You know the cost of running these promotions and Machine Learning has helped you identify the expected revenue from these customers according to their characteristics and using a model trained with historical data.
Supposing there is no limitation on the number of promotions, it is easy to select the optimal assignments: for each customer, promote the product with the highest expected revenue.
But, in real life, and even with a very small set of customers, some other limitations apply, and with a simple limit like “at most 3 customers per product”, it is already not so easy to find the highest expected revenue solution. In the industry, this problem is run with millions of customers and dozens of products.
Decision Optimization (beta) in Watson Studio.
The existing Python Jupyter runtime environments have been extended to include the Decision Optimization libraries.

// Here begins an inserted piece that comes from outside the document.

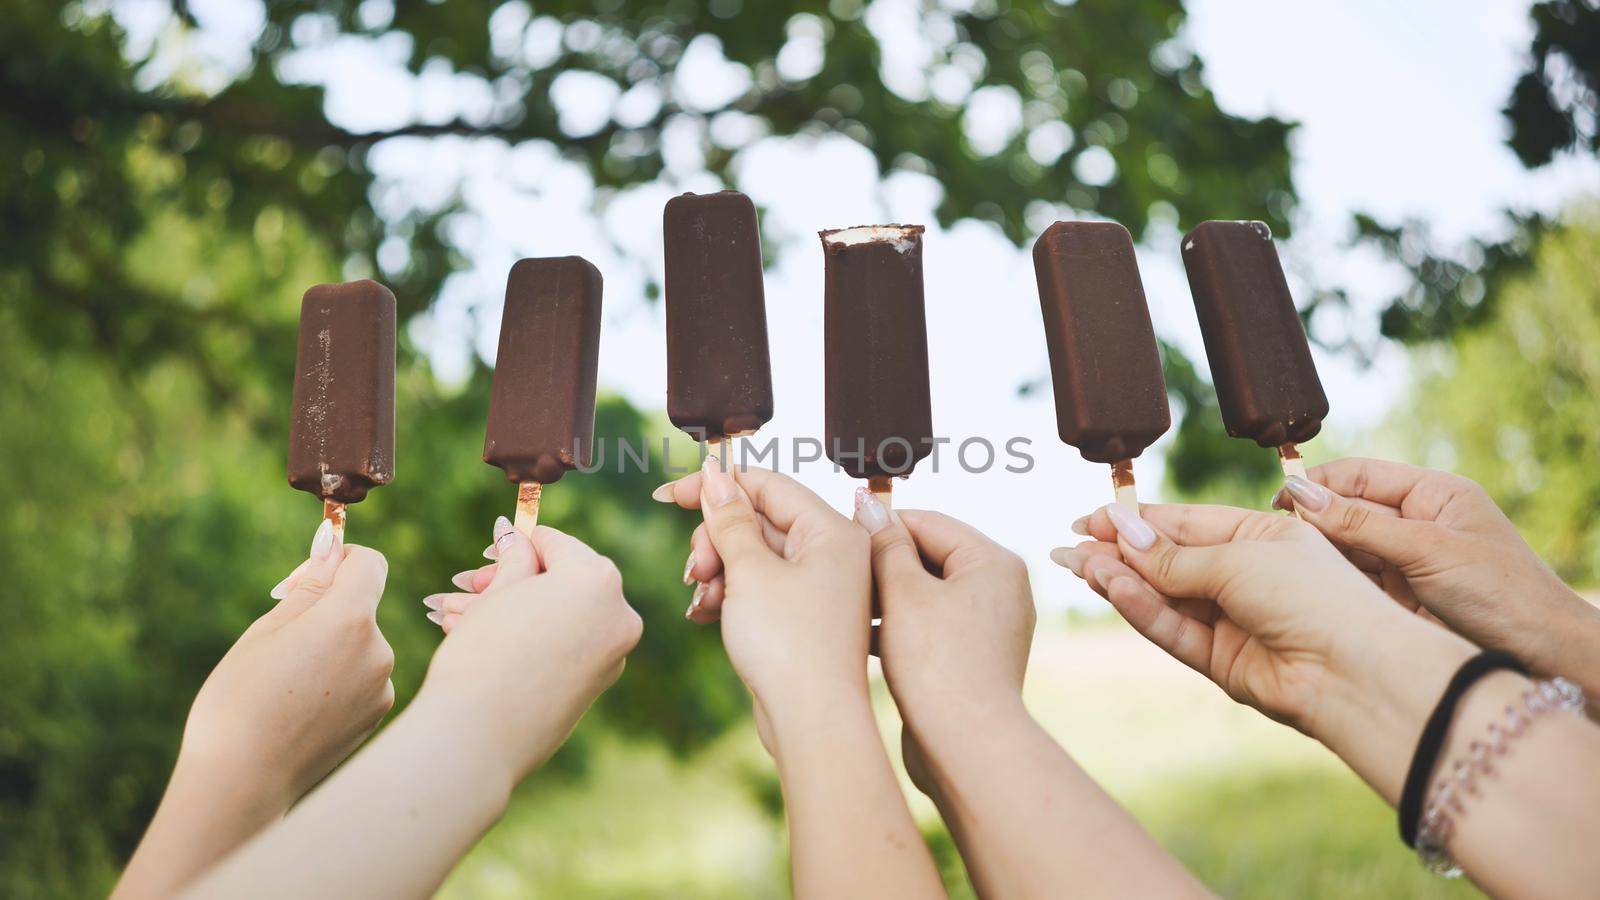 Friends hold chocolate ice cream on a stick in a row. by DovidPro
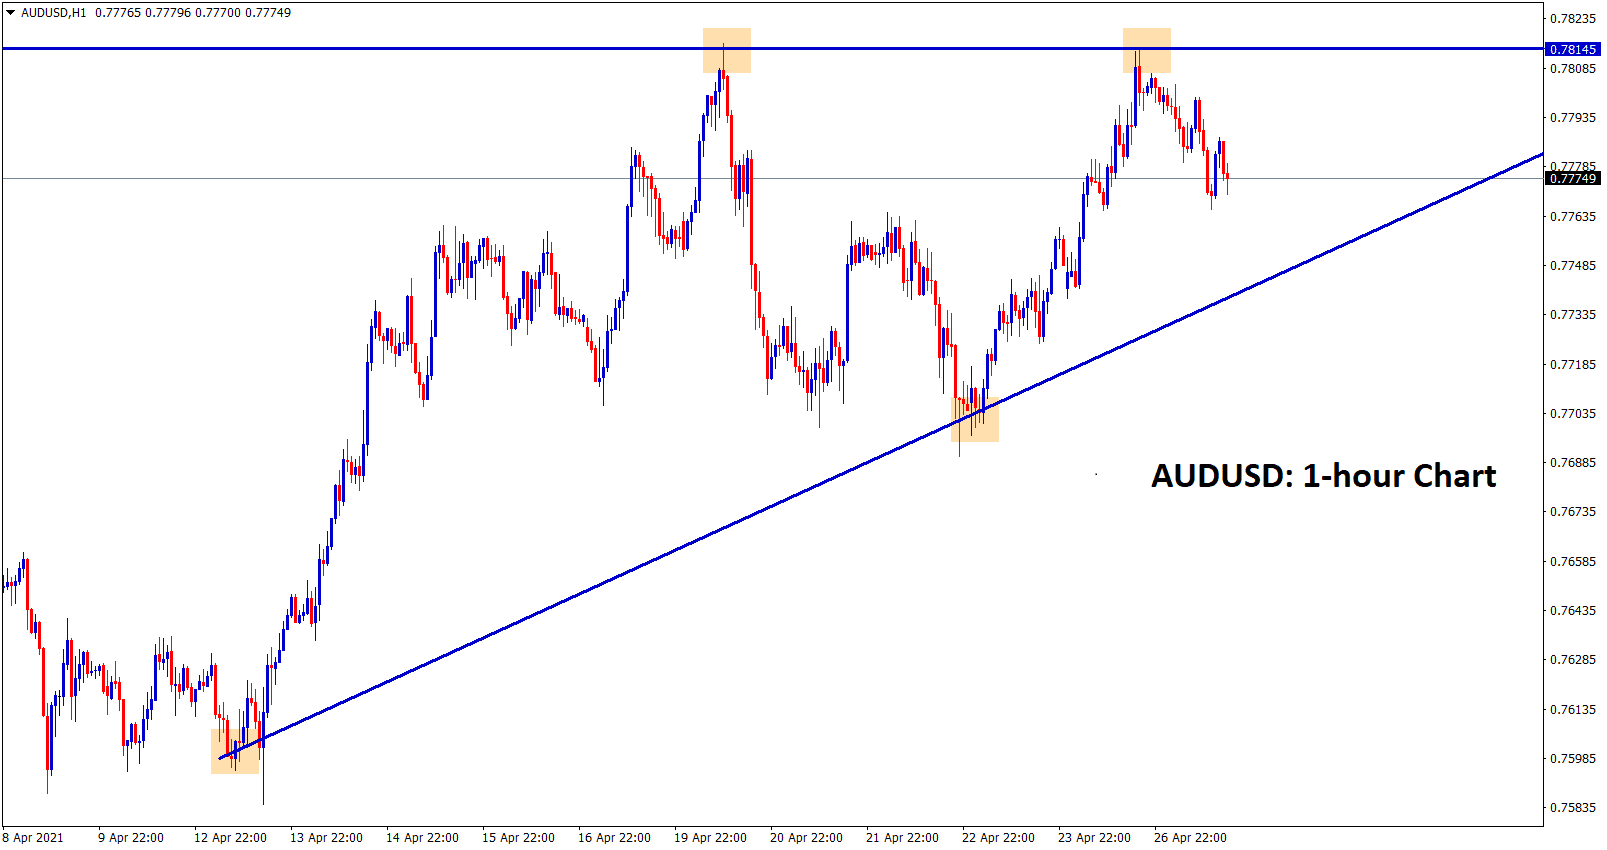 AUDUSD formed an Ascending Triangle pattern

In practice, the docplex python package is pre-installed so that you can formulate optimization models and the native libraries are set so that you can solve these models. (see documentation)
In the default runtimes, you now can benefit from the Community Edition of CPLEX engines. The Community Edition is a limited version of the solving capabilities of CPLEX. You can solve models with up to 1000 constraints and decision variables and without any extra cost.
Beyond these limits, you can choose to use an environment with “Beta of DO” which includes the unlimited commercial edition of the CPLEX engines. This environment does not incur any additional charges during this beta phase.
Being available in the notebook environment, you can combine DO with a whole heap of other technologies, so that you can handle the steps before and after the actual DO phase: to access and process data and, after DO, to trigger further delivery of results or calls to other systems.
How to start?
Go to Watson Studio and create an IBM account to login if necessary.
Check out this short and simple video to see how.
Create a new standard project and in this project create a new notebook using the “Add to project” button.
In the “New notebook” screen choose a runtime Python 3.5 +Beta of DO.
Note that you can configure other types of runtime and choose the size of your runtime.
A demonstration notebook is available.
In this notebook, first, import your candidate data as a pandas dataframe and extract the list of customers and campaigns.
You can then create the optimization model and solve it using the following steps:
- import the docplex python package
- create a new Decision Optimization Model
- create a binary decision variable per possible assignment (customer — campaign)
- create and add constraints
- create objective
- solve the model
You can then extract and display the optimal solution:
Combining DO with ML
In most cases, Decision Optimization will prescribe decisions to help you decide what to do next. In doing so, it will use business constraints and objectives along with your data. As you plan for the future (what to do right now, just afterward, tomorrow, or next year), part of the data will be unknown, and this is where machine learning and prescriptive analytics can be perfectly combined.
In the previous example, the expected revenue for each combination of customer and campaign is used. This can be extracted from historical data and by using a trained machine learning model.
With the integration of Decision Optimization in Watson Studio notebooks, it becomes very easy to combine such two technologies.
See for example, a more complete notebook for a similar problem which combines ML and Decision Optimization.
Another similar example of solving predictive maintenance problems is also available.
More notebook examples are available in the Watson Studio Community.
PS: since this post was written, Decision Optimization is now Generally Available in notebooks.